- Born: 25 May 1927 Sydney
- Died: June 27, 2018 (aged 91)
- Education: University of Sydney
- Children: 4 including David

= William McBride (doctor) =

Australian obstetrician (1927–2018)

William Griffith McBride (25 May 1927 – 27 June 2018) was an Australian obstetrician. He published a letter on the teratogenicity of thalidomide in 1961, following the findings of a midwife named Pat Sparrow. which resulted in the reduction of the number of drugs prescribed during pregnancy. Later in his life, McBride was involved in several trials with the pharma industry accusing him of medical malpractice and scientific fraud for falsifying data in a paper that claimed that the drug Debendox was also responsible for birth defects.

==Early life==
McBride was born in Sydney, Australia.

==Career==
===Thalidomide case===
McBride published a letter in The Lancet, in December 1961, noting a large number of birth defects in children of patients who were prescribed thalidomide, after a midwife named Sister Pat Sparrow first suspected the drug was causing birth defects in the babies of patients under his care at Crown Street Women's Hospital in Sydney.
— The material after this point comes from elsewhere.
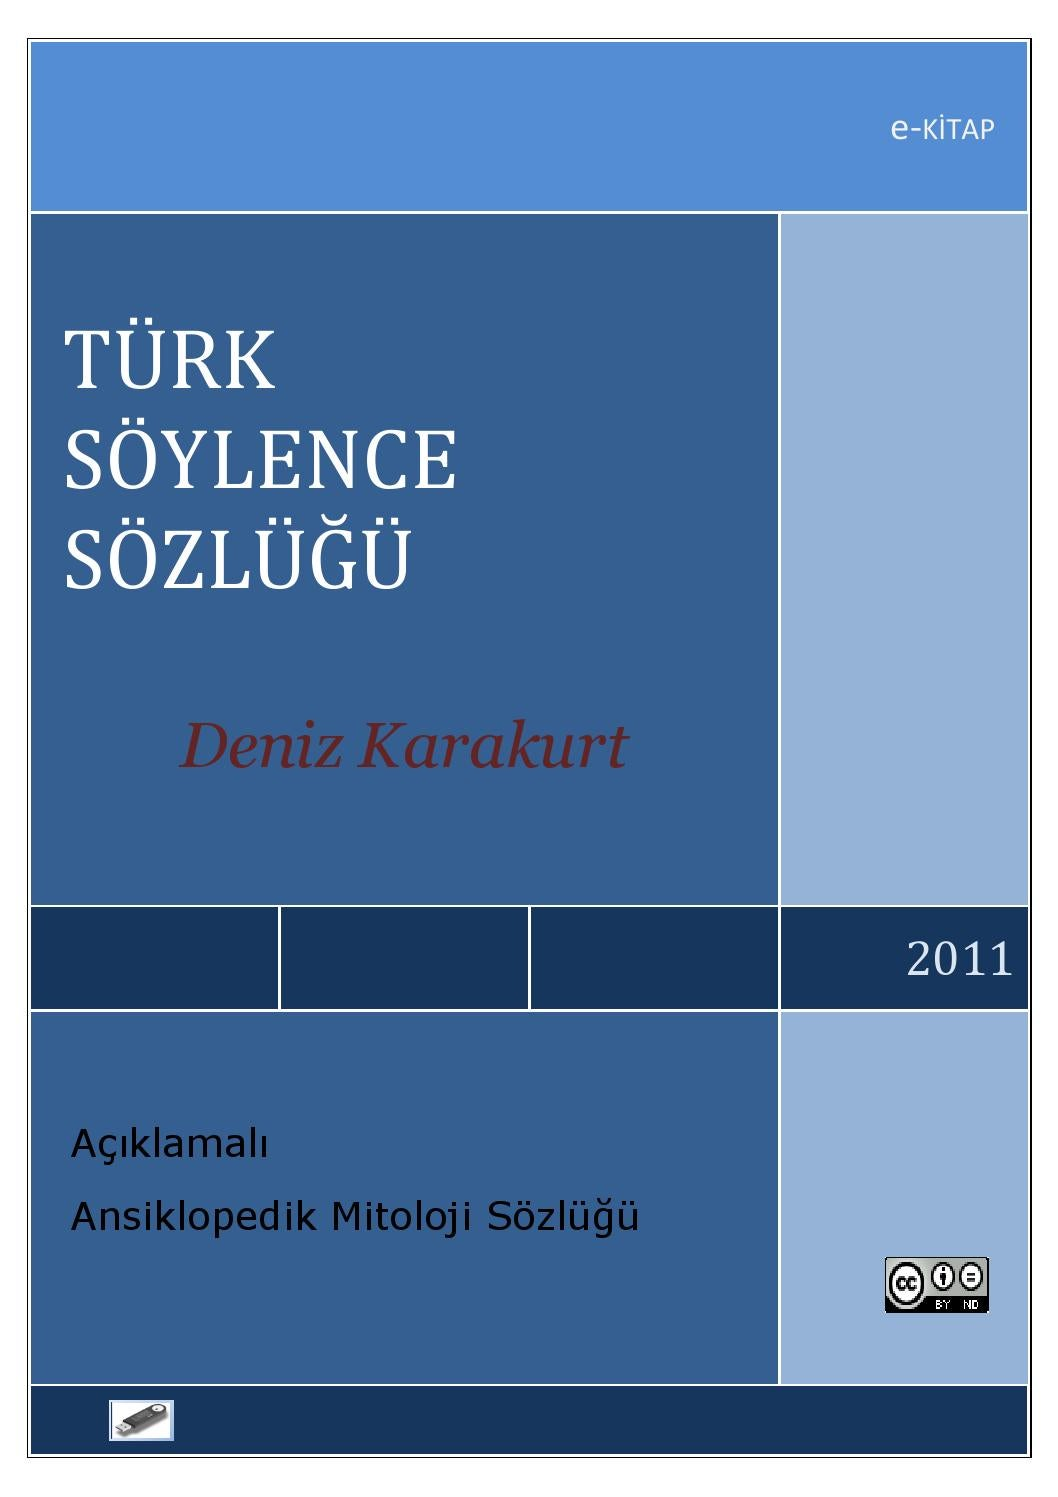 Turk Soylence Sozlugu by Edebiyat Kitap - issuu

McBride was awarded a medal and prize money by L'Institut de la Vie, a prestigious French institute, in connection with his discovery, in 1971. Using the prize money, he established Foundation 41, a Sydney-based medical research foundation concerned with the causes of birth defects. Working with P H Huang, he proposed that thalidomide caused malformations by interacting with the DNA of the dividing embryonic cells. This finding stimulated their experimentation, which showed that thalidomide may inhibit cell division in rapidly dividing cells of malignant tumors. This work was published in the journal "Pharmacology and Toxicology" in 1999 and has been rated in the top ten of the most important Australian medical discoveries.

===Debendox case===
McBride's involvement in the Debendox case is less illustrious. In 1981, he published a paper indicating that the drug Debendox (pyridoxine/doxylamine; marketed in the US as Bendectin) caused birth defects. His co-authors noted that the published paper contained manipulated data and protested. Multiple lawsuits were filed by patients. Eventually, the case was investigated and, as a result, McBride was struck off the Australian medical register in 1993 for deliberately falsifying data. He was reinstated to the medical register in 1998.

===Honours===
McBride was nominated Man of the Year for 1962, a Commander of the Order of the British Empire (1969 Birthday Honours), Father of the Year (1972) and an Officer of the Order of Australia (1977 Silver Jubilee and Queen's Birthday Honours).

== Personal life ==

McBride had four children, one of whom is the soldier, lawyer, television presenter and whistleblower, David McBride.

==Death==
McBride died on 27 June 2018, aged 91.

== Oral history ==
McBride was interviewed in 1972 by Hazel de Berg about his life and career. The recording can be found at the National Library of Australia.